The available treatments for patients with mood and anxiety spectrum disorders have significant limitations. This study will contribute significantly to public health by taking steps to address these limitations by aiding in the interpretation of a study that: 1) tests a promising new treatment for mood and anxiety spectrum disorders; 2) evaluates a potential target in the brain which could serve as the basis for development of additional new candidate compounds for the treatment of patients with mood and anxiety spectrum disorders; 3) establishes more expeditious methods for evaluating potential new therapies for patients with mood and anxiety spectrum disorders; and 4) specifically establishes methods for the development of new therapies targeting anhedonia, an important RDoC (Research Domain Criteria) endpoint.

Phase:

Phase 1

Accepts Healthy Volunteers?

Accepts Healthy Volunteers

Details

Lead Sponsor:

Andrew Krystal

Collaborator:

Yale University

Treatments:

Analgesics, Opioid
Aticaprant

Criteria

Inclusion Criteria:

- Age 21 through 65 years of age

- Body mass index 19 through 30 lbs/in2

- Reliable and willing to be available for the duration of the study

- Willing and able to give written informed consent to participate

- Able to understand and comply with instructions

- If female of childbearing potential, must agree to use dual methods of contraception
and be willing and able to continue contraception for 6 weeks after the last dose of
study drug.
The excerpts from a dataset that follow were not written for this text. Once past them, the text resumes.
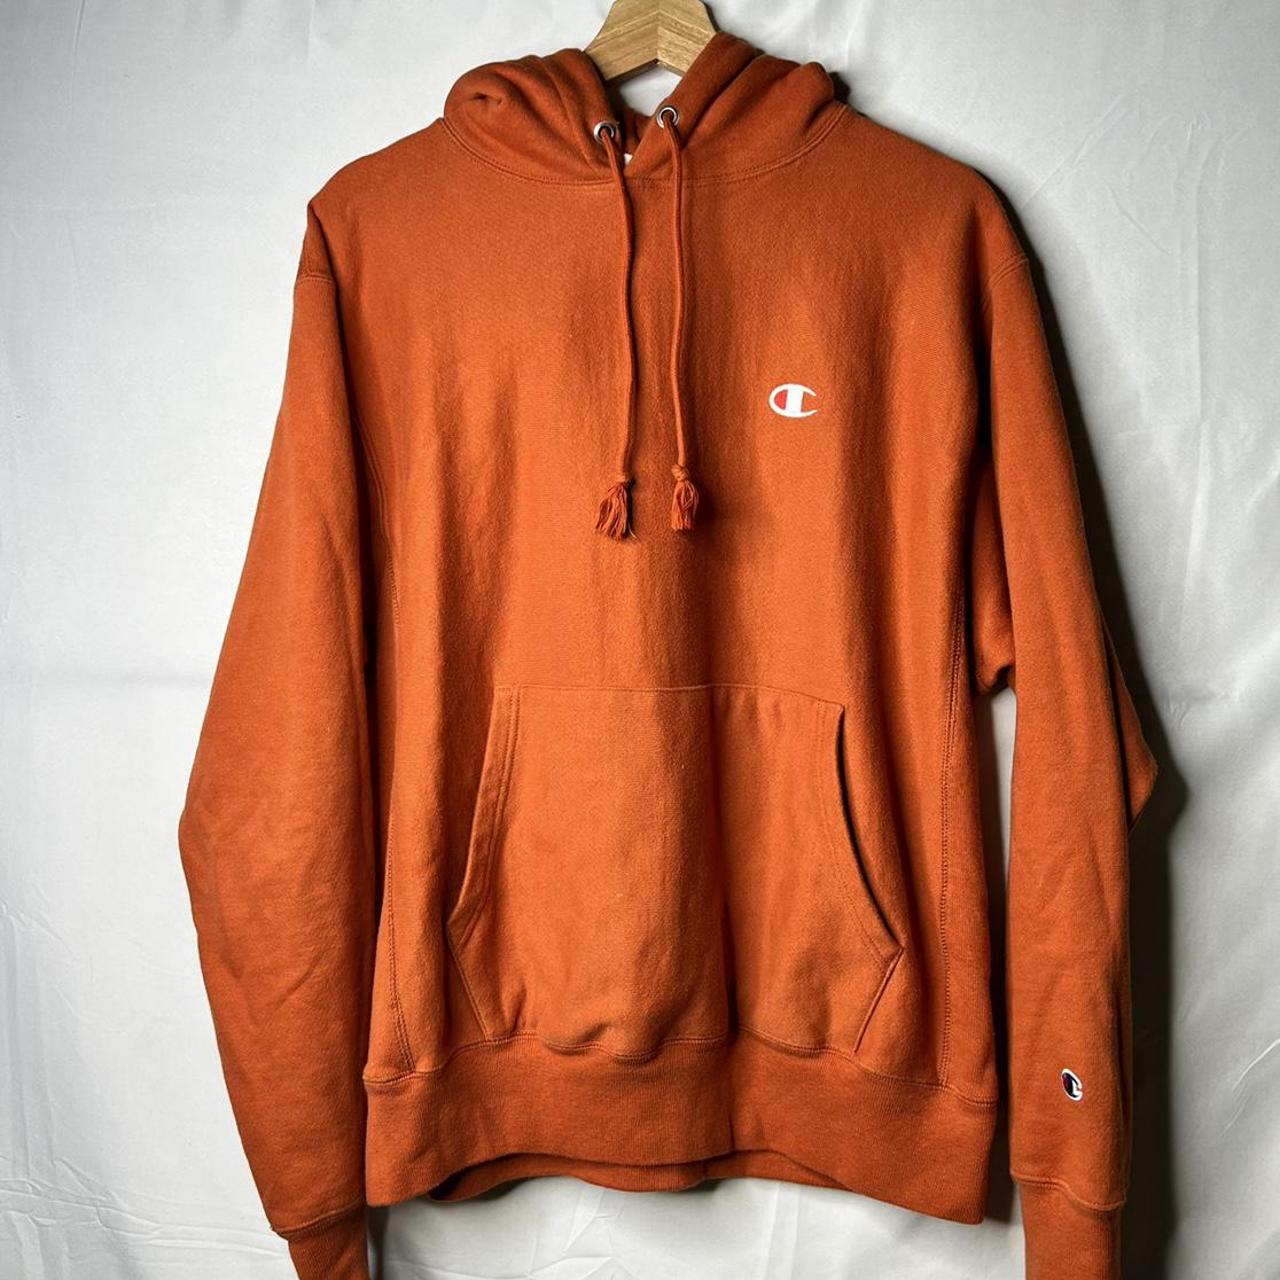 Product Image 1 - Orange Champion Reverse Weave Hoodie

Size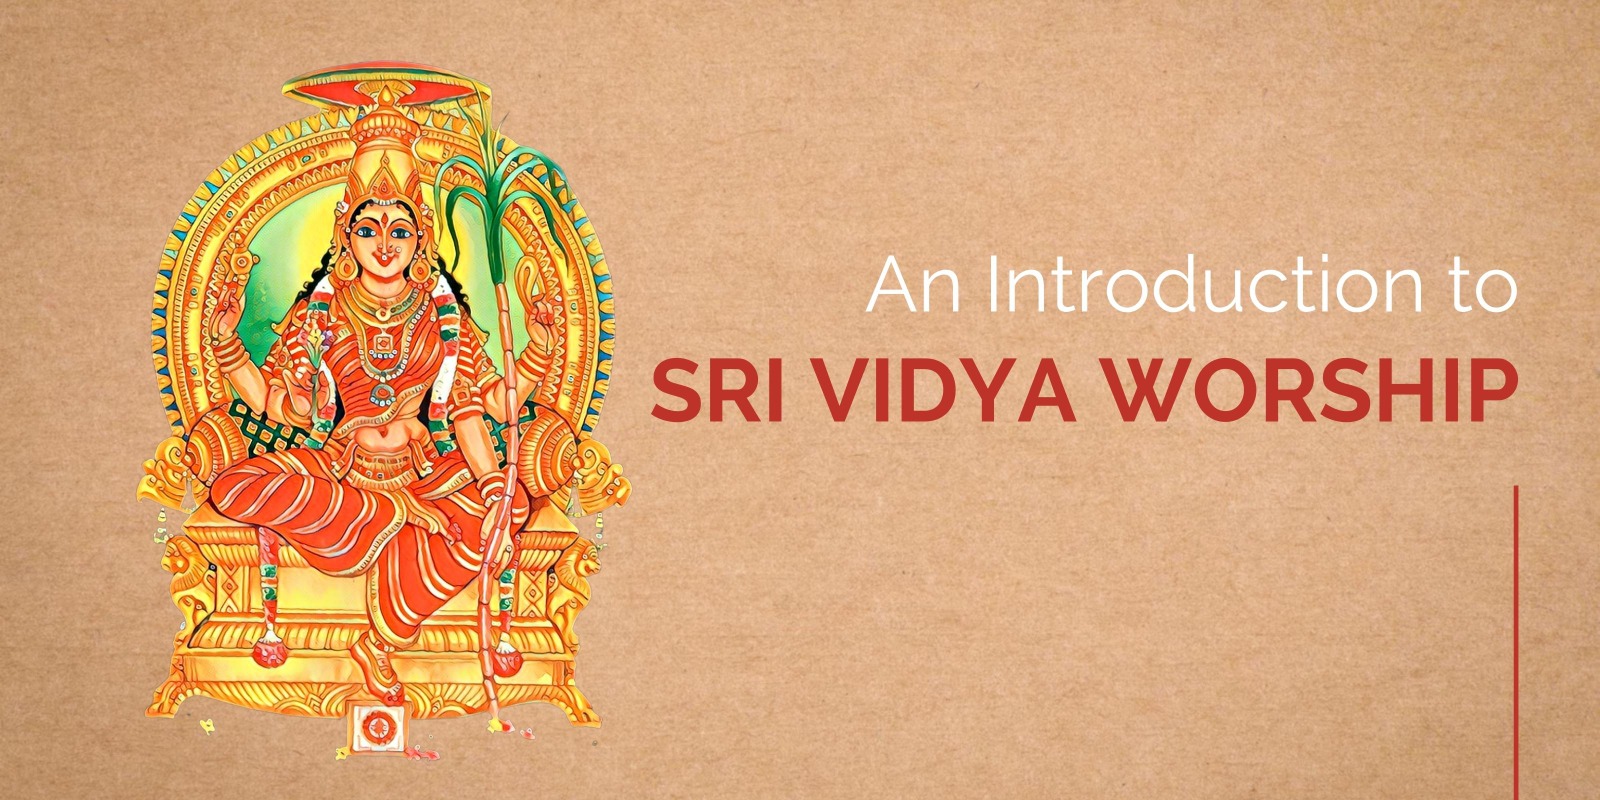 An Introduction to Sri Vidya Worship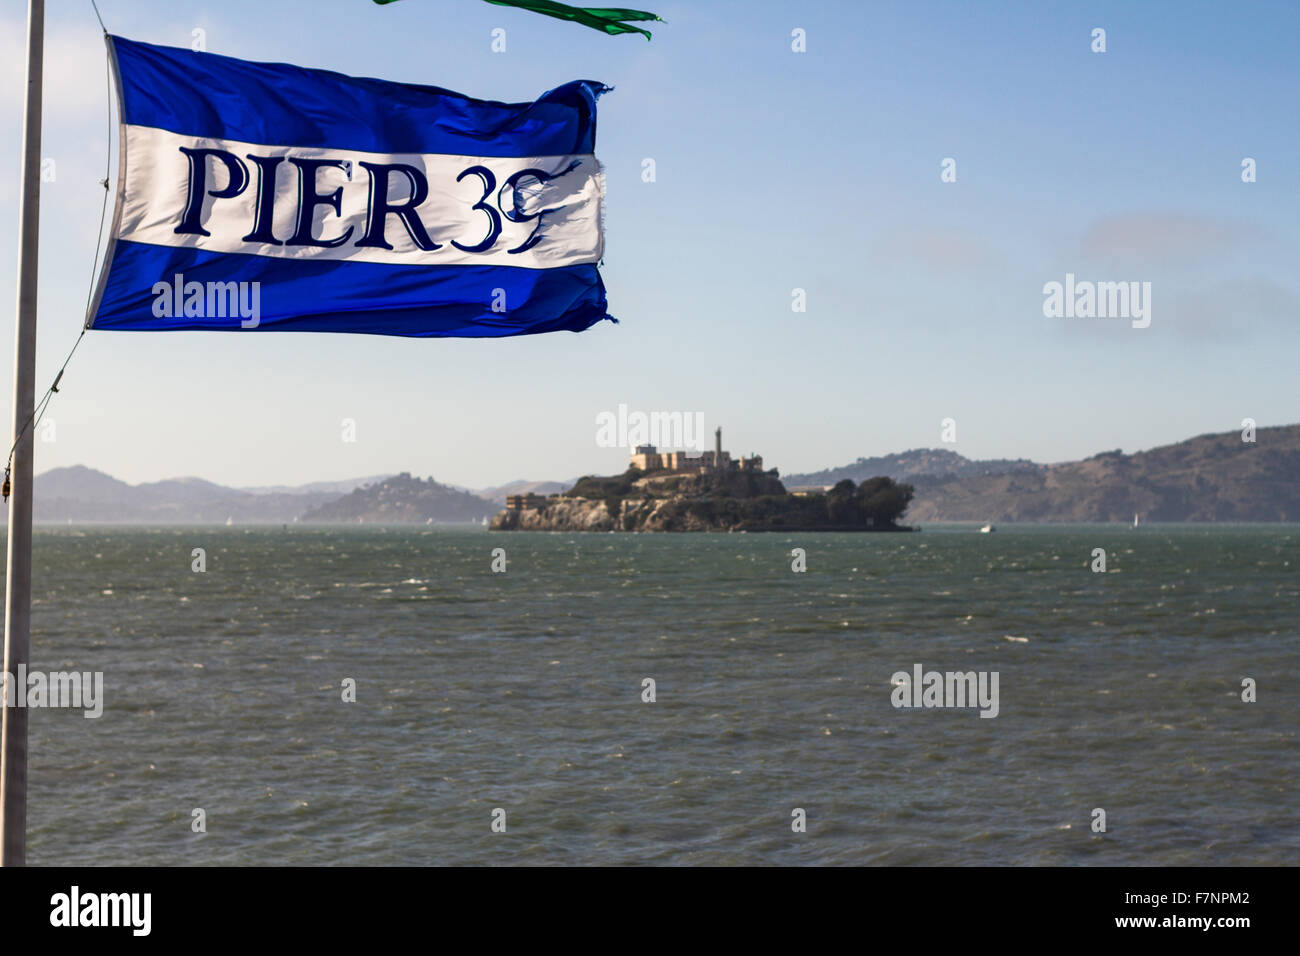 Pier 39 flag with view on Alcatraz Island, San Francisco Stock Photo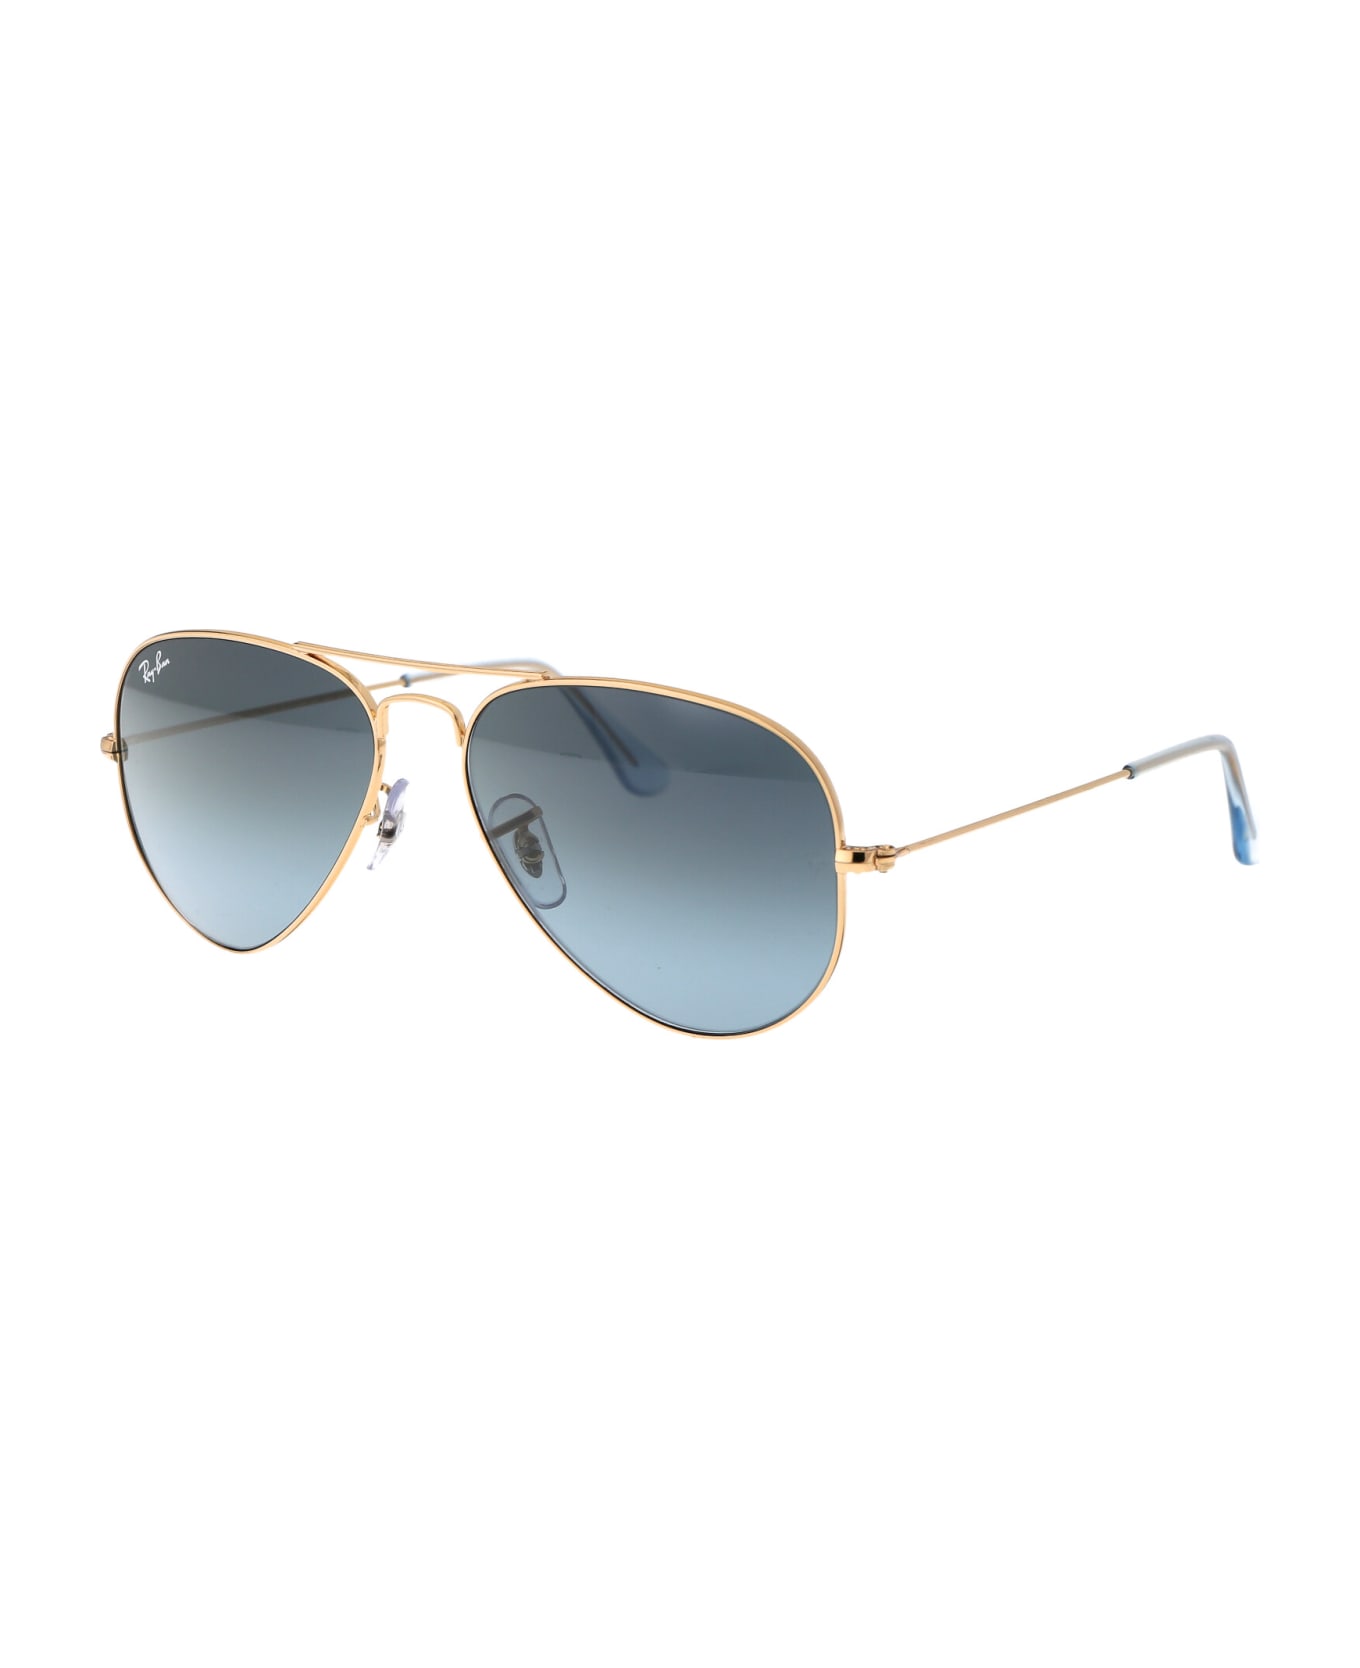 Ray-Ban Aviator Sunglasses - 001/3M GOLD サングラス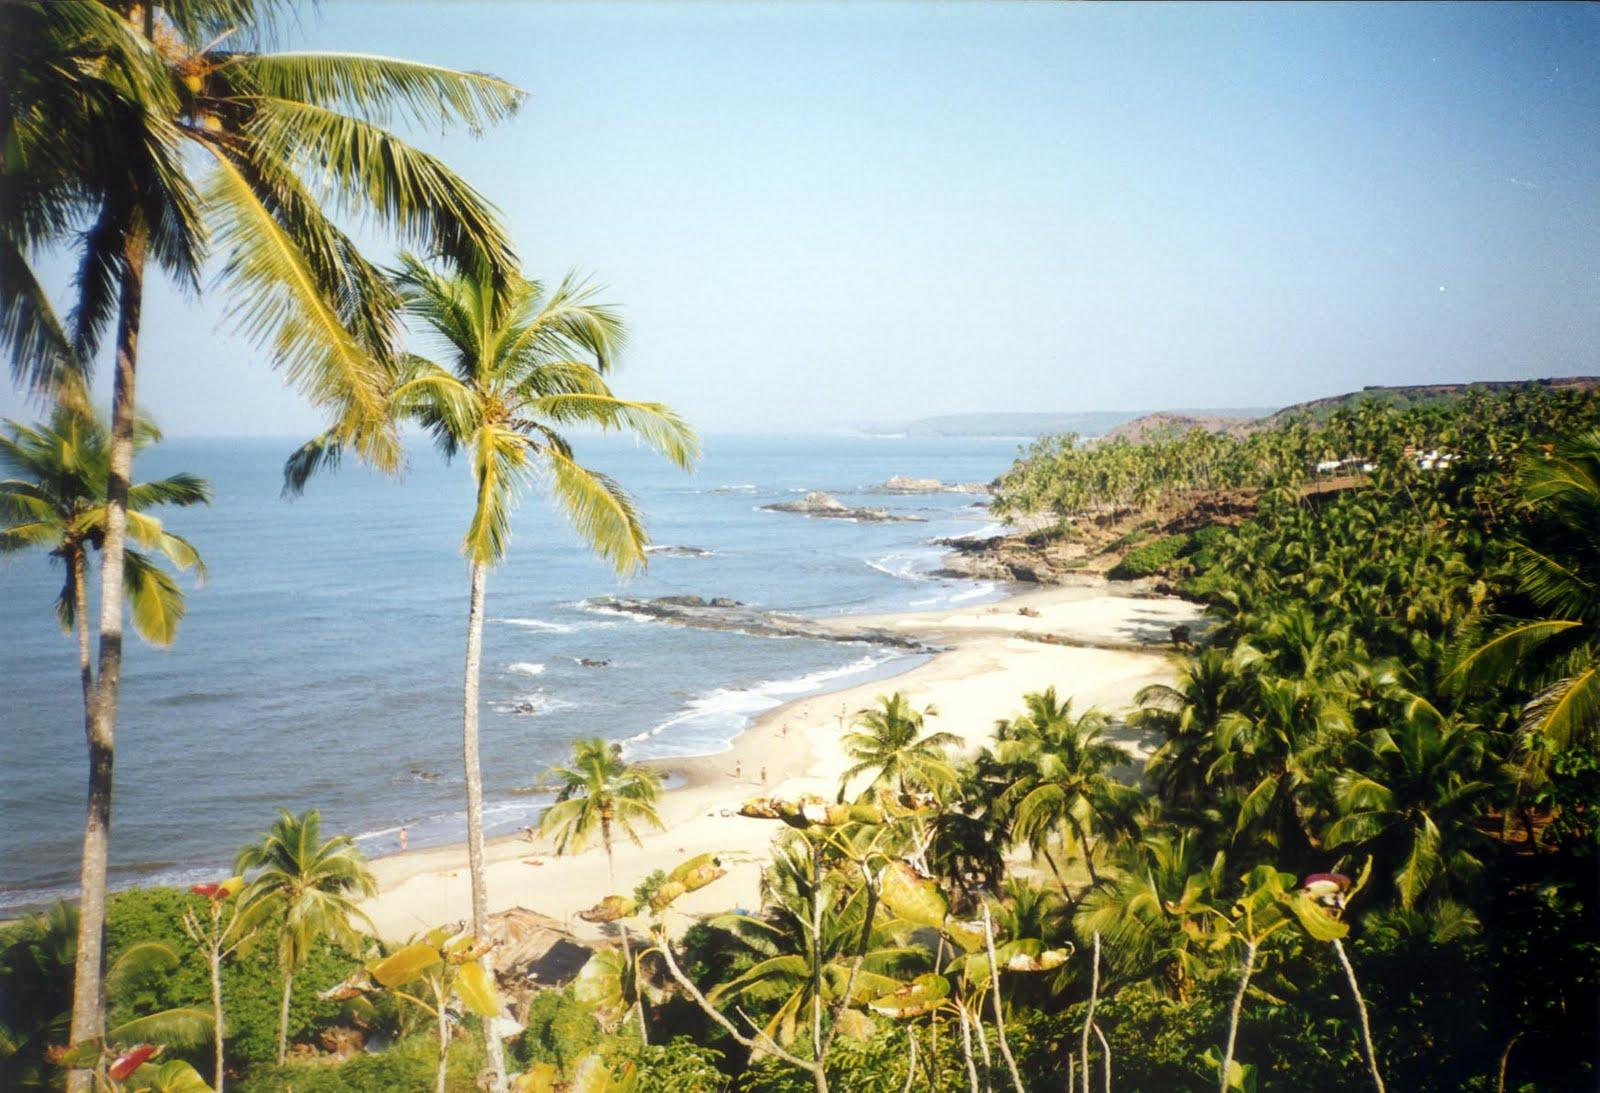 annaharper: The India Place Of Goa Beach Deskop Wallpaper & Picture, Gallary

Females using oral contraception must have started using it at least 2
months prior to the Baseline Visit

- If male of childbearing potential, must have undergone surgical sterilization (such as
a vasectomy) or agree to use a condom used with a spermicide during participation in
the study and for 1 month afterward

Exclusion Criteria:

- Any clinically significant abnormality of any of the hematology, clinical, chemistry,
or urine drug tests

- Magnetic resonance imaging contraindications at 3 Tesla (e.g., ferromagnetic implants
or shrapnel or other incompatibilities)

- Any clinically significant abnormality of the 12-lead ECG; QTc (corrected QT) interval
recorded on screening or predose greater than 450 msec

- Any clinically significant history of neurologic disease, cancer, or cardiac,
respiratory, metabolic, hepatic, renal, gastrointestinal (except appendectomy),
dermatological, venereal, hematological disorder or disease

- Any clinically significant history of Axis I psychiatric disorder, or history of
attempted suicide

- History of seeking advice from a physician or counselor for abuse or misuse of
alcohol, non-medical drugs, medicinal drugs or other substance abuse, for example,
solvents

- Any current or previous recreational use of Class A drugs such as opiates, cocaine,
ecstasy, LSD (Lysergic acid diethylamide), and amphetamines (Class B)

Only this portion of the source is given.